Panowie co do waszego problemu, to sprawdźcie jeszcze czujnik TPS, a najlepiej byłoby go podmienić na jakiś inny. Sprawdźcie również jego wtyczkę i kabelki czy są całe.
Dołączył: 12 Maj 2011 Posty: 138 Skąd: Grodzisk WLKP.
Wysłany: Pon Paź 29, 2012 13:52
Niestety nie mam jak podmienić czujnika TPS.
Dziś zdemontowałem tą przepustnicę okazało się że wszystko ok, ale zacina się przy pełnym zamknięciu.
Zmieniłem krokowca na starego, ponieważ nowy działał jak stary.
Coś mnie tknęło i zdemontowałem pokrywę z cewkami i kablami znalazłem takie coś, guma pęknięta a kabel zielony:
To chyba było przyczyną kiepskiego odpalania gdy zimny. Okaże się jutro.
Zakupiony silniczek chyba oddam.
Auto nadal faluje na obrotach, owe sykanie dobiega z węża podciśnienia od lpg.
Koledzy roverków z lpg gdzie macie wkręcone podciśnienie od lpg?
Pozostaje mi chyba wymiana przepustnicy na metalową, ale najlepiej byłoby podmienić na chwilę z działającego poprawnie autka, może się ktoś zgłosi z okolic PŃ?
Dołączył: 13 Paź 2011 Posty: 33 Skąd: Stalowa Wola
Wysłany: Pon Paź 29, 2012 22:41
u mnie tez słychać sykanie przy dodawaniu gazu kidys szukałemgdzie to dokładnie dobiega alenie wysłuchałemale tez podejrzewałem podcisnienie. Tez mam LPG ale wczesniej sykanie było ale obroty nie falowały. Narazie sypnęło śniegiem wiec tez nic nie zaglądnąłem ale temat chodzi mi cały czas po głowie.....
Dołączył: 12 Maj 2011 Posty: 138 Skąd: Grodzisk WLKP.
Wysłany: Pią Lis 02, 2012 12:06
Przed chwilą zrobiłem test. Odkręciłem jeszcze raz osłonę zasłaniającą kable i cewki. Gazownik wpinał się w kabel od cewki kiepsko go zaizolował poprawiłem to. Następnie odłączyłem obydwa czujniki temperatury cieczy chłodzącej, po czym auto odpaliło od "strzała" za oknem temp 2 stopnie.
Zobaczę jak jutro będzie, polepszenie może być przejściowe.
MarcinMag czy auto gdy stoi na jałowym pracując na lpg, gdy wciśniesz raptownie pedał do podłogi przydławia sie?
[ Dodano: Czw Lis 01, 2012 12:10 ]
Roverek kiespko odpała ale tylko przy temp. bliskich zeru. Czy jest możliwe aby cewka była uszkodzona? , ale pracowała tylko w temp. na + ?

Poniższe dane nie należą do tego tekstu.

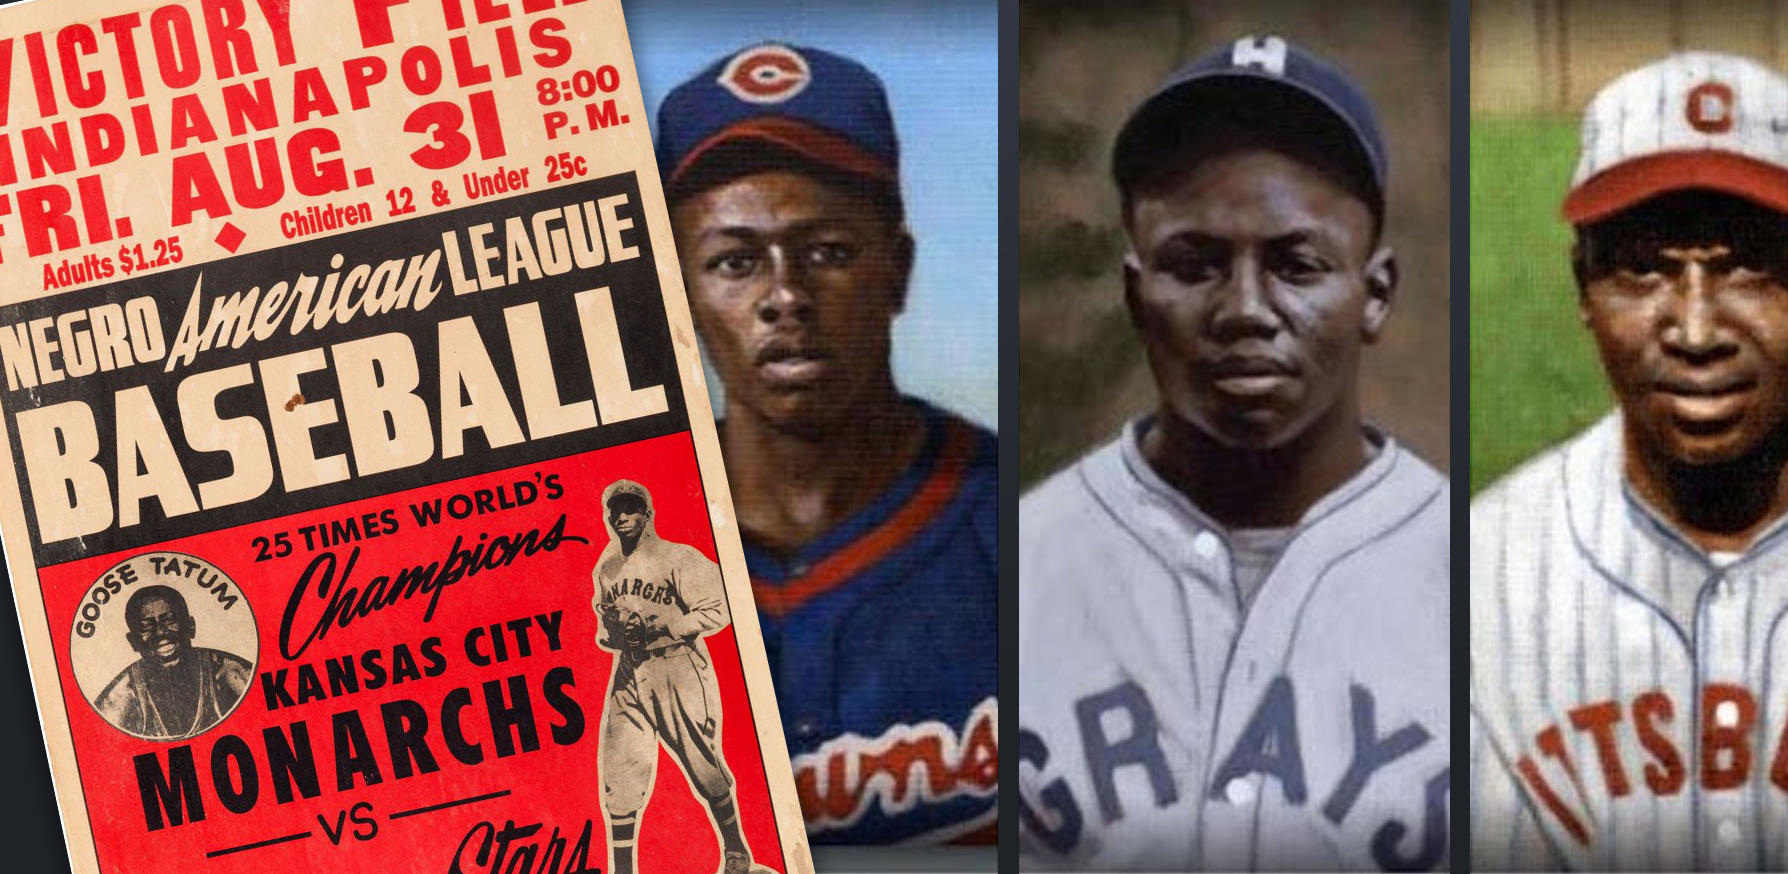 Dick Wehner on X: Black History Month sporting my Negro Leagues

[ Dodano: Czw Lis 01, 2012 22:59 ]
Dziś np. auto odpaliło pochodził z 5 sekund i zgasł jakbym sam wyłączył silnik.
Siema, odgrzebuję temat, bo padło tutaj dość ciekawe pytanie, na które odpowiedź w moim przypadku jest twierdząca (pacjent: R45 lift 1.6)
Chodzi o to:
neo88 napisał/a:
czy auto gdy stoi na jałowym pracując na lpg, gdy wciśniesz raptownie pedał do podłogi przydławia sie?

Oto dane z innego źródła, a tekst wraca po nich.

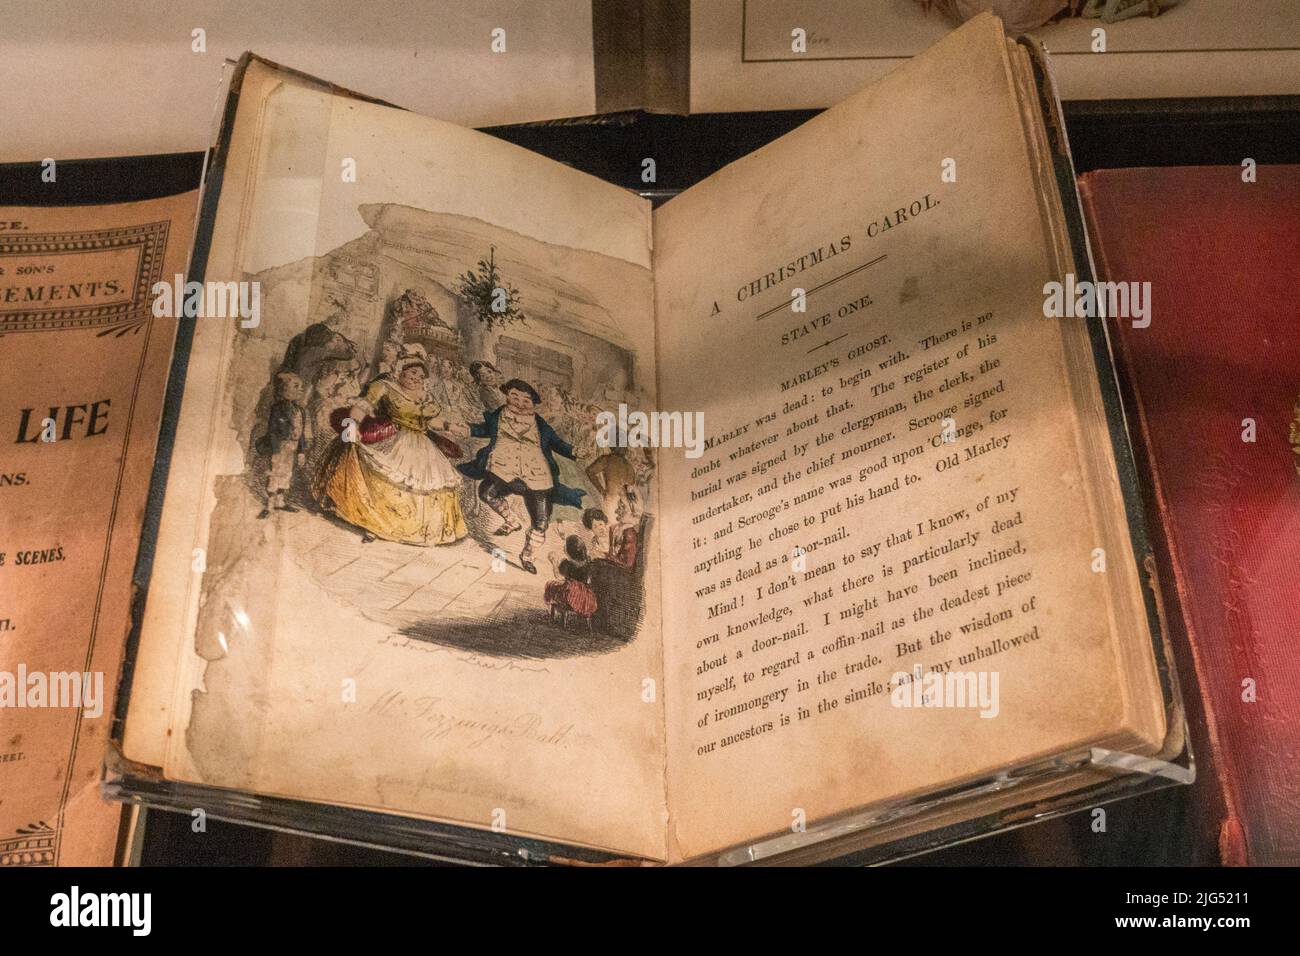 A copy of 'A Christmas Carol' by Charles Dickens (c1843) on display in the UK. Stock Photo

TAK! Gwałtowne wciśnięcie gazu powoduje czasami totalne zadławienie, albo podbicie obrotów z lekkim opóźnieniem i potem potrafią one opaść w okolice 500 rpm i wtedy również bywa różnie - albo się odbiją i stabilizują na ~900, albo silnik też się dławi. Obroty spadają też tak nisko np. po wrzuceniu luzu przy dojeżdżaniu do świateł. Co więcej, dzieje się dokładnie tak samo na benzynie, chociaż to opóźnienie jest znacznie mniejsze i wszystkie dolegliwości mniej odczuwalne. Problem występuje na dobrze rozgrzanym silniku, mniej więcej po 15 minutach jazdy, na zimnym działa elegancko. W obu przypadkach jednak nie ma problemu z falowaniem obrotów na biegu jałowym.
No i teraz pytanie, co to może być? Czy próbować czyścić lub wymieniać silniczek krokowy? Przepustnica kiedyś była czyszczona przez mechanika. Gazownik mi powiedział, że to problem czujnika położenia wałka rozrządu - wyskakuje P0340. Wymieniłem czujnik i dalej to samo, stąd chciałem spróbować z tym silniczkiem krokowym.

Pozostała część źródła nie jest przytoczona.